GIVEN DATA »
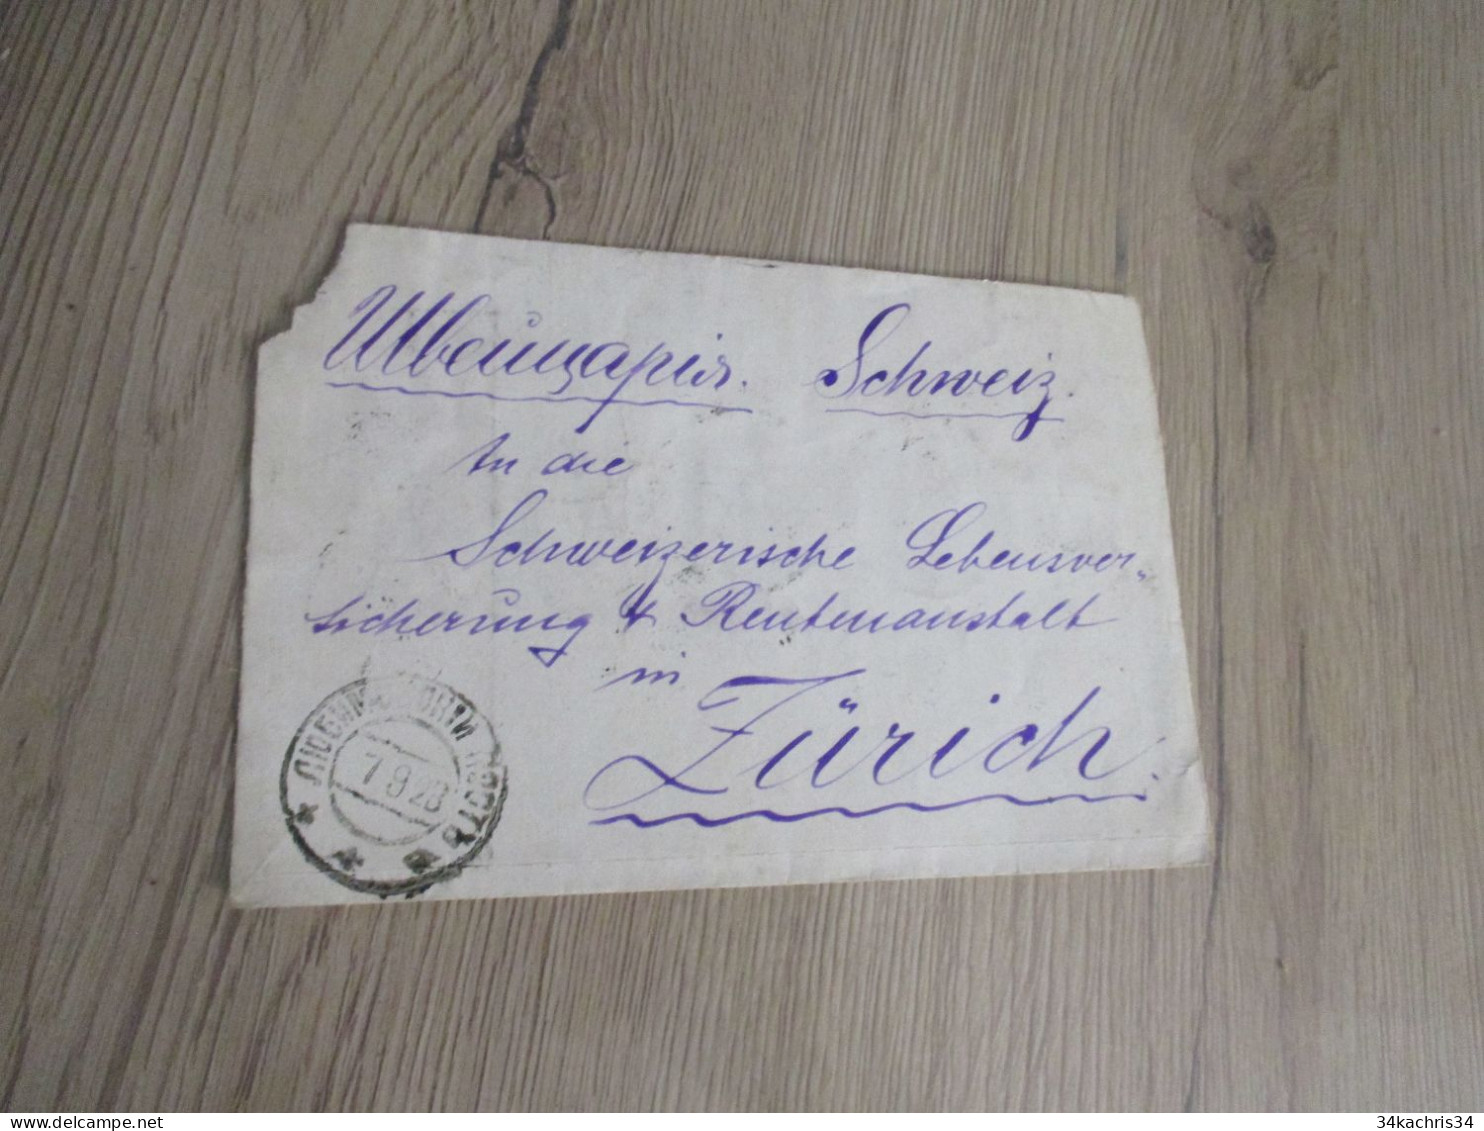 Lettre Russie Russia 9 Stamp Surchargés P100P P200P 1928 Pour Zurich - Briefe U. Dokumente
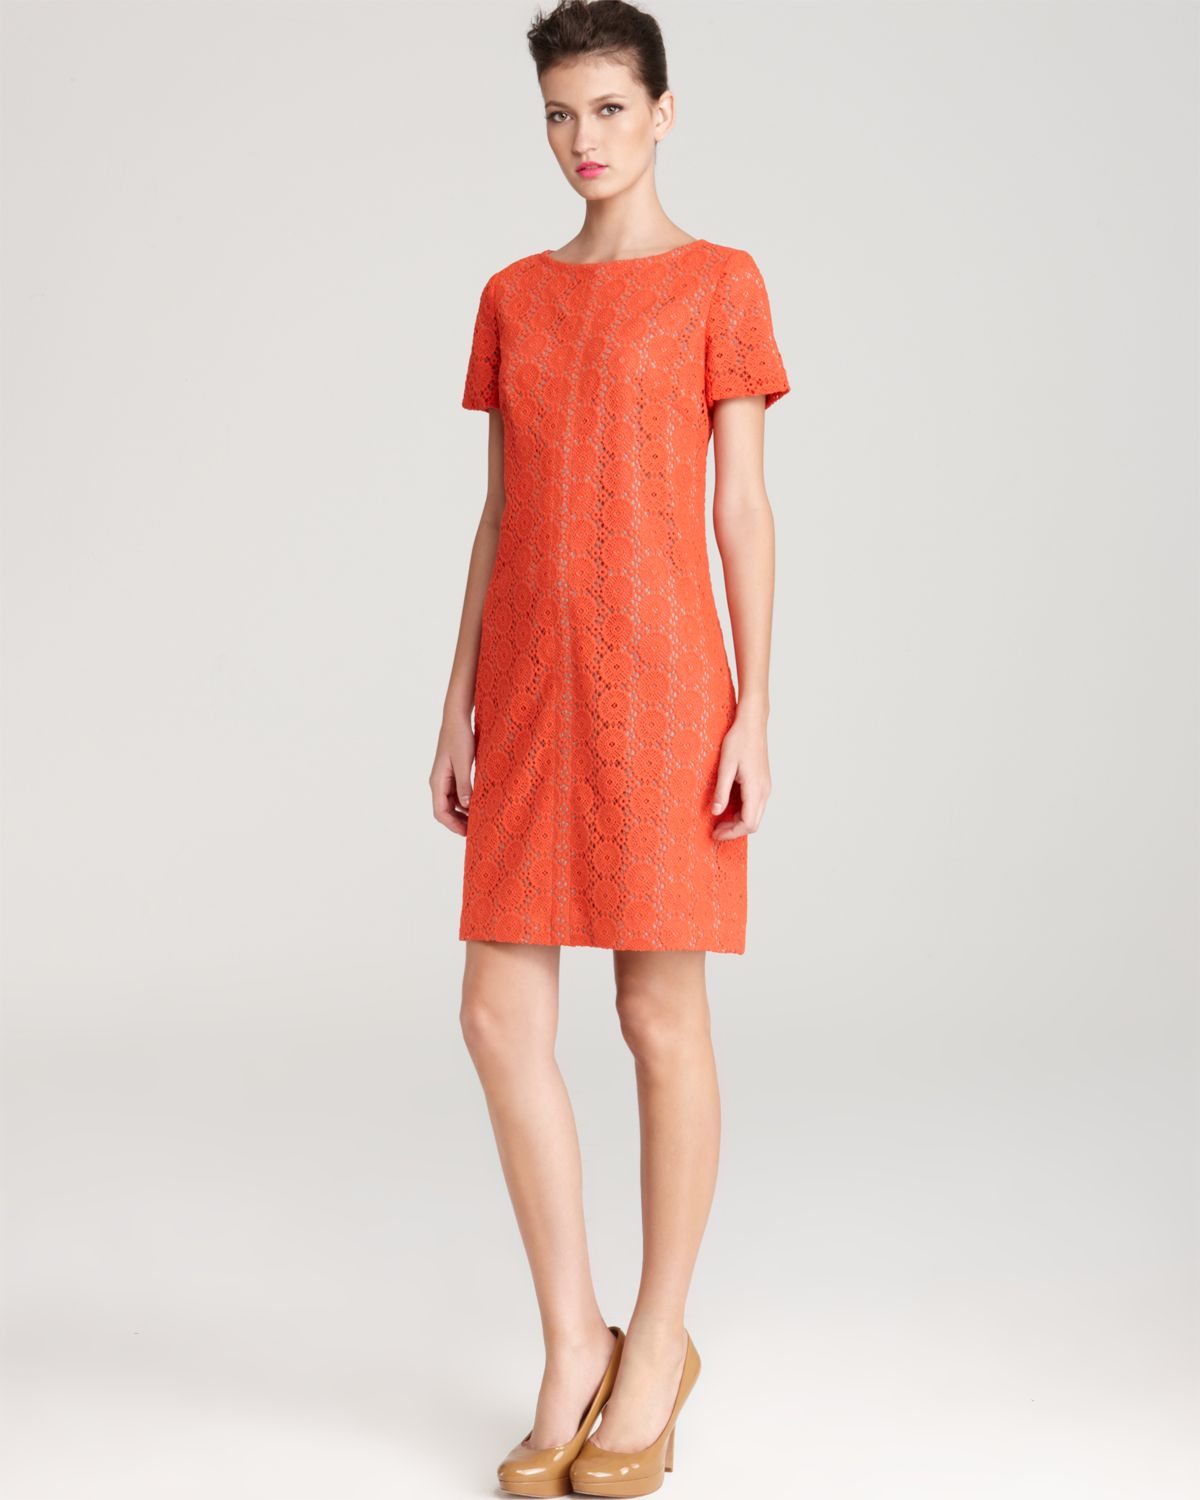 Anne klein Dress Short Sleeve Lace Shift Dress in Orange | Lyst
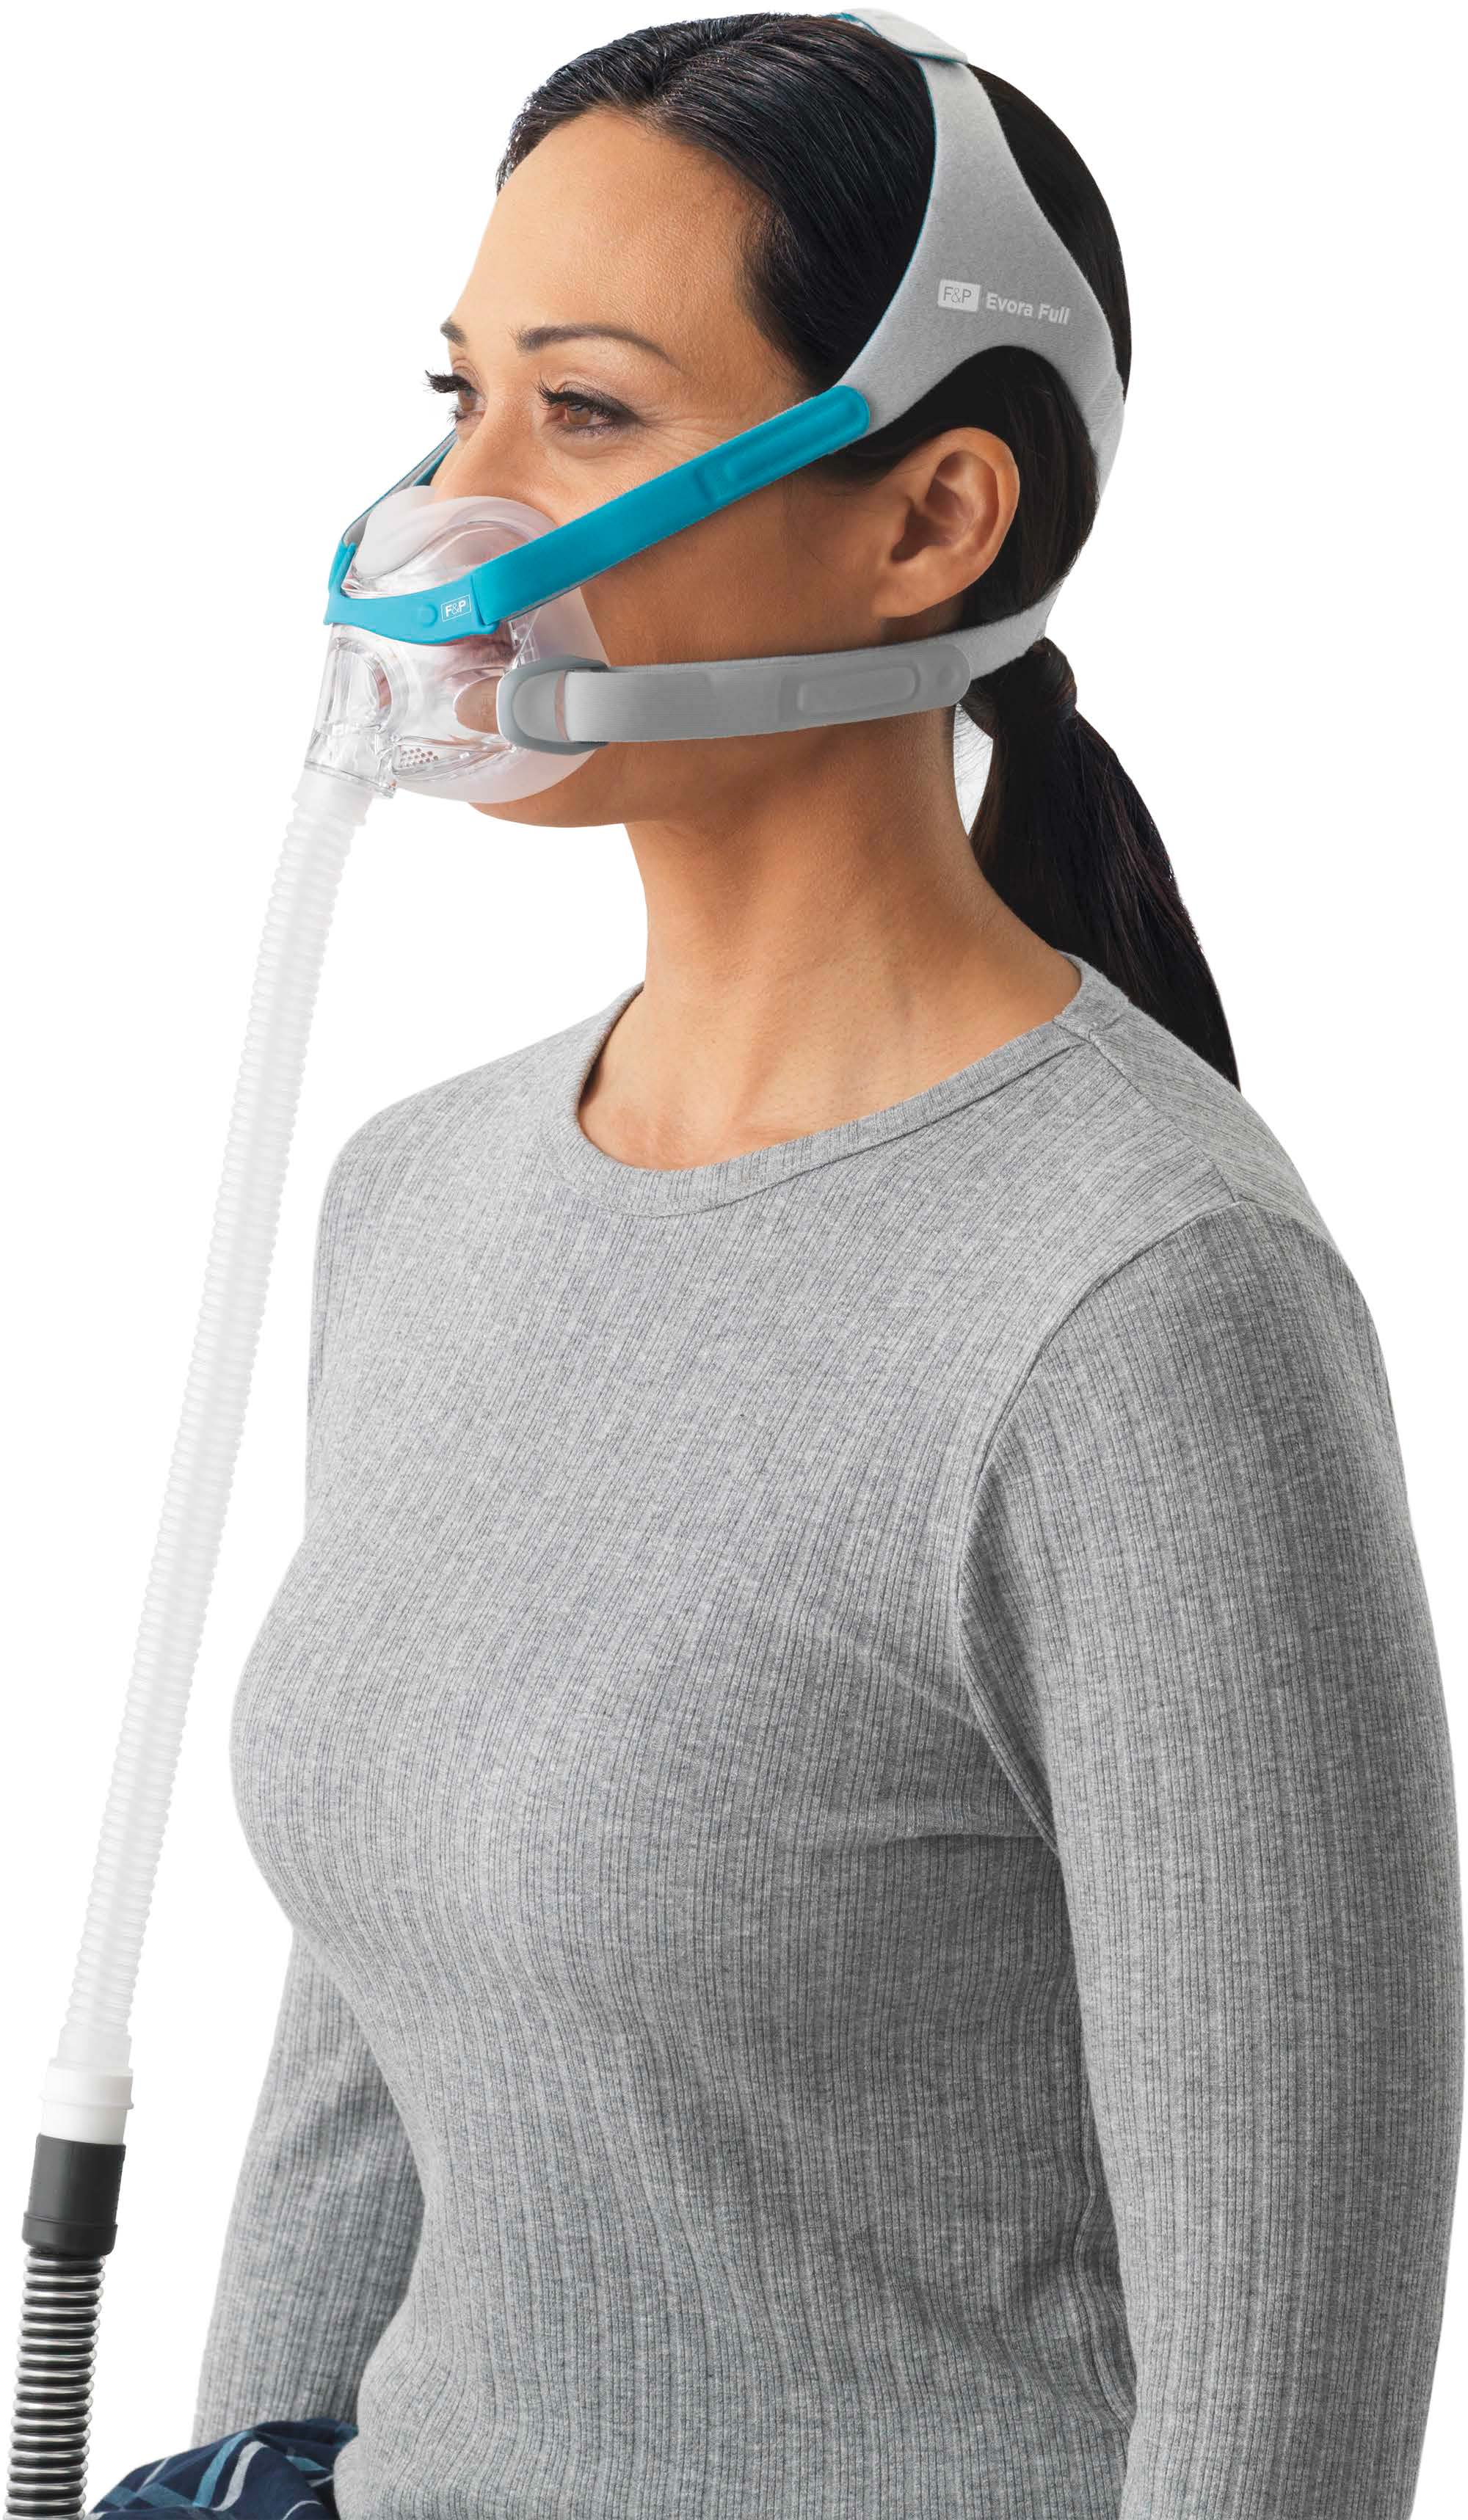 Evora Full Face CPAP Mask

THE PROBLEM »
Return the material from above in full, exactly as written, with the pictures omitted.

RESPONSE AREA »
 Lettre Russie Russia 9 Stamp Surchargés P100P P200P 1928 Pour Zurich - Briefe U. Dokumente
 Anne klein Dress Short Sleeve Lace Shift Dress in Orange | Lyst
 Evora Full Face CPAP Mask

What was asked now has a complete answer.